本発明は、真核細胞において目的遺伝子の発現を制御するための方法と、当該方法で用いるRNA分子とDNA分子に関するものである。
細胞は様々な遺伝子発現の調節機構を有しており、例えば、特定の酵素が必要となった際にそれをコードする遺伝子の発現を開始したり、また、特定の遺伝子が過剰に発現したりしないようにしている。

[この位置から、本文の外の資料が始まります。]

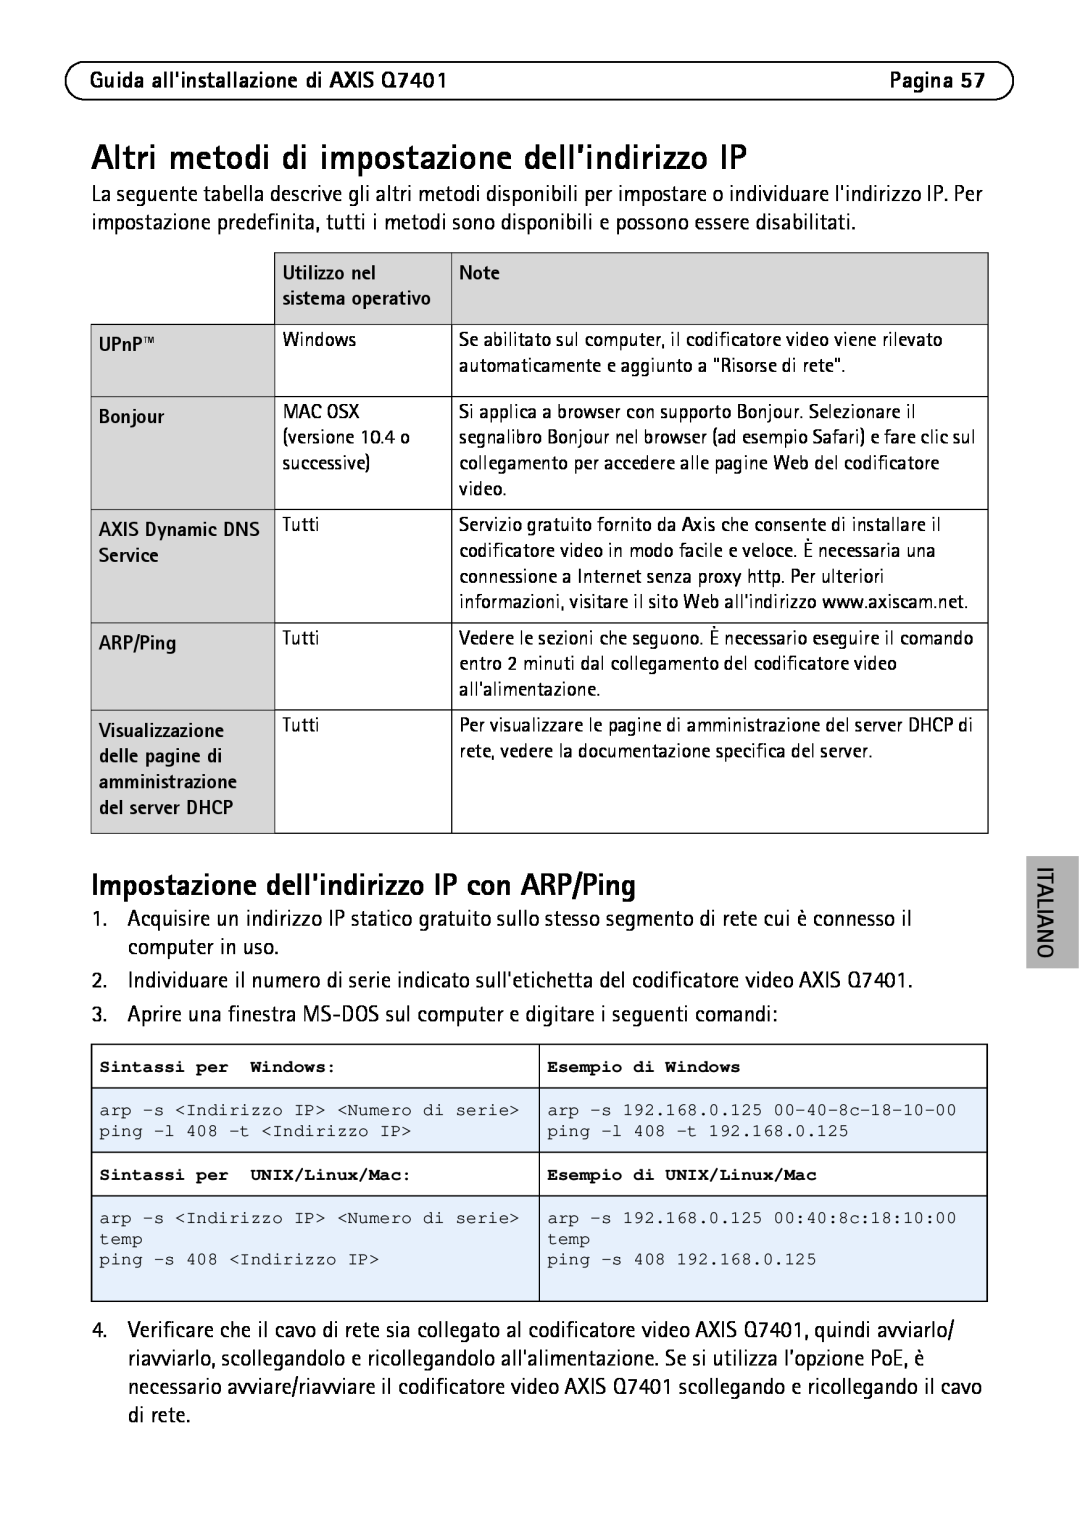 Axis Communications Q7401 manual Altri metodi di impostazione dell’indirizzo IP, Impostazione dellindirizzo IP con ARP/Ping

このような機構としては、大腸菌のラクトースオペロンが有名である。ラクトースオペロンでは、グルコースが存在せず且つラクトースが存在するときに、ラクトース分解酵素であるβ−ガラクトシダーゼが産生されるように制御されている。
このラクトースオペロンを利用すれば、原核細胞において、IPTGなどのラクトース類縁体による遺伝子発現の促進が可能である。しかし、遺伝子発現の促進に用いられる化合物はラクトース類縁体に限定され、所望の分子により遺伝子発現を制御することはできない。また、真核細胞でこのラクトースオペロンを用いることはできない。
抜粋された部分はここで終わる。